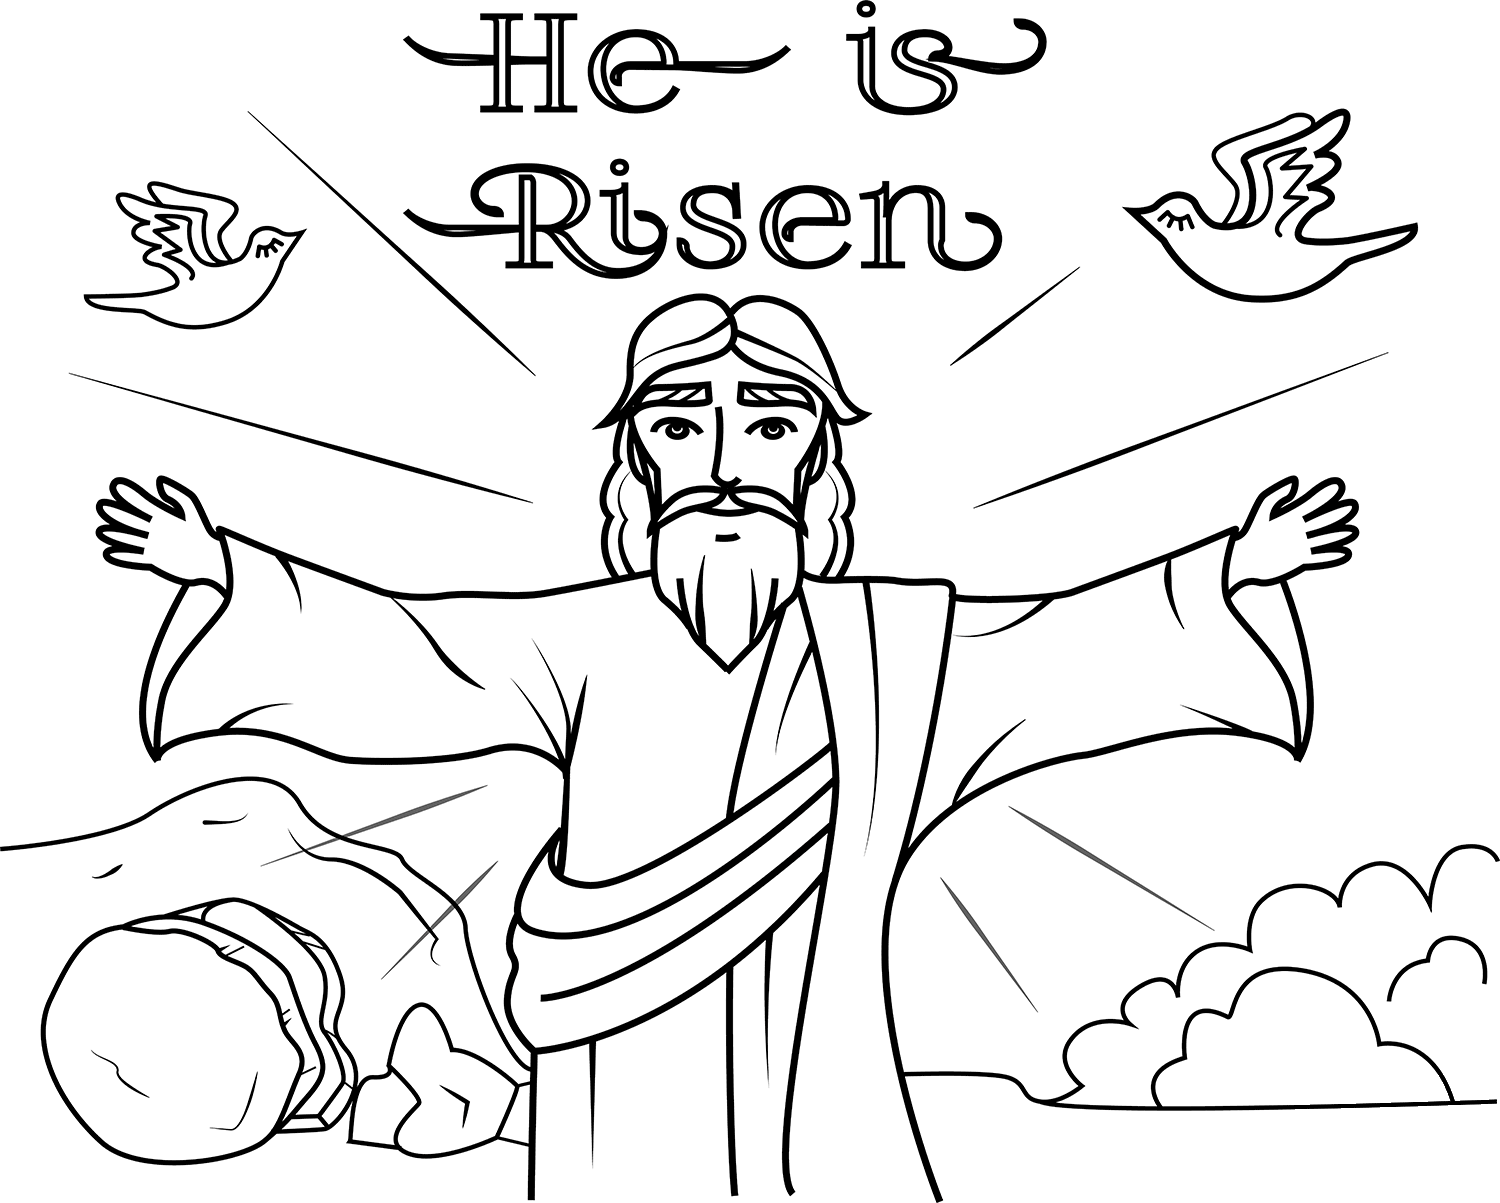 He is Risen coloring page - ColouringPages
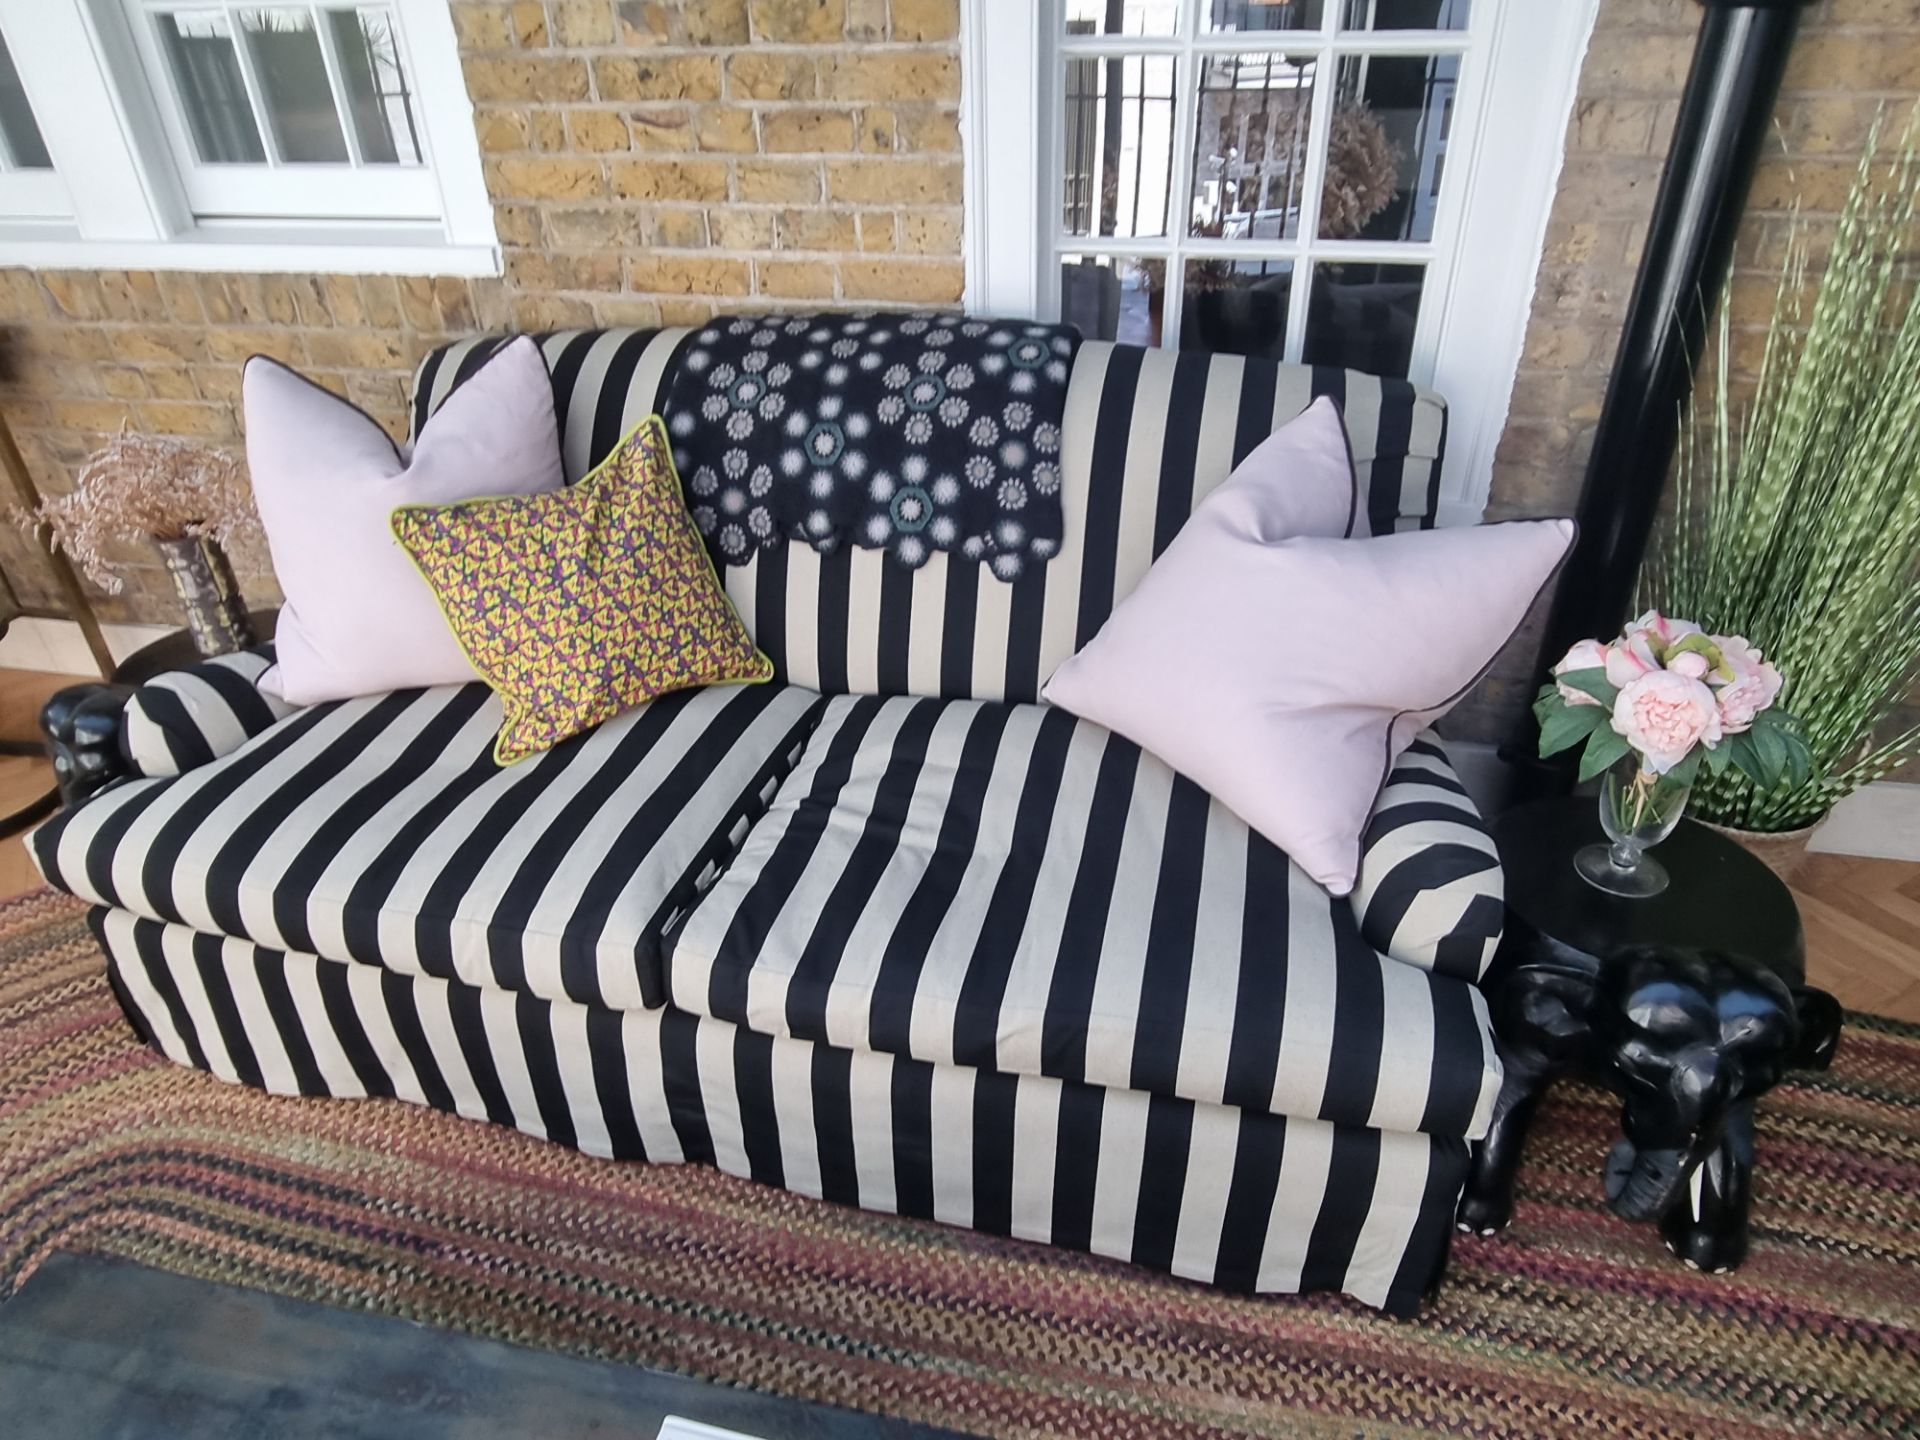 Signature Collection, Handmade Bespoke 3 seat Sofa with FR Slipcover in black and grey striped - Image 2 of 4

------------

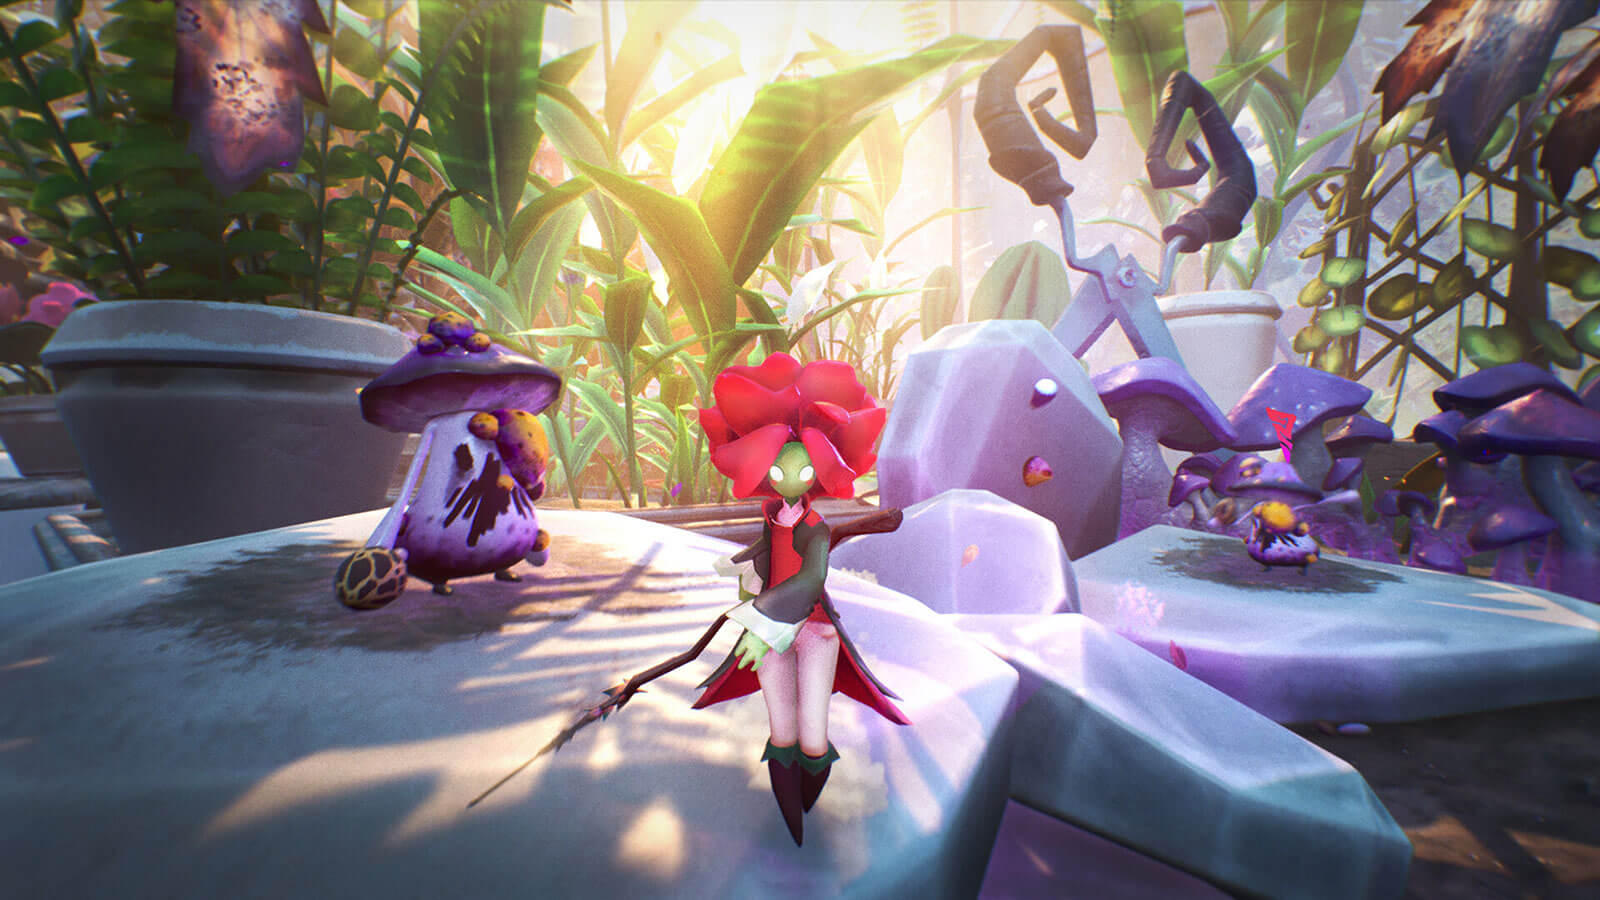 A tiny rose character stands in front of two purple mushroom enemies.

------------

EXERCISE DIRECTIONS:
Beginning with the line above that contains "He is Risen coloring page - ColouringPages" and ending with the line that contains "Signature Collection, Handmade", quote each line exactly, keeping out the pictures.

RESPONSE BELOW:
 He is Risen coloring page - ColouringPages
 Signature Collection, Handmade Bespoke 3 seat Sofa with FR Slipcover in black and grey striped - Image 2 of 4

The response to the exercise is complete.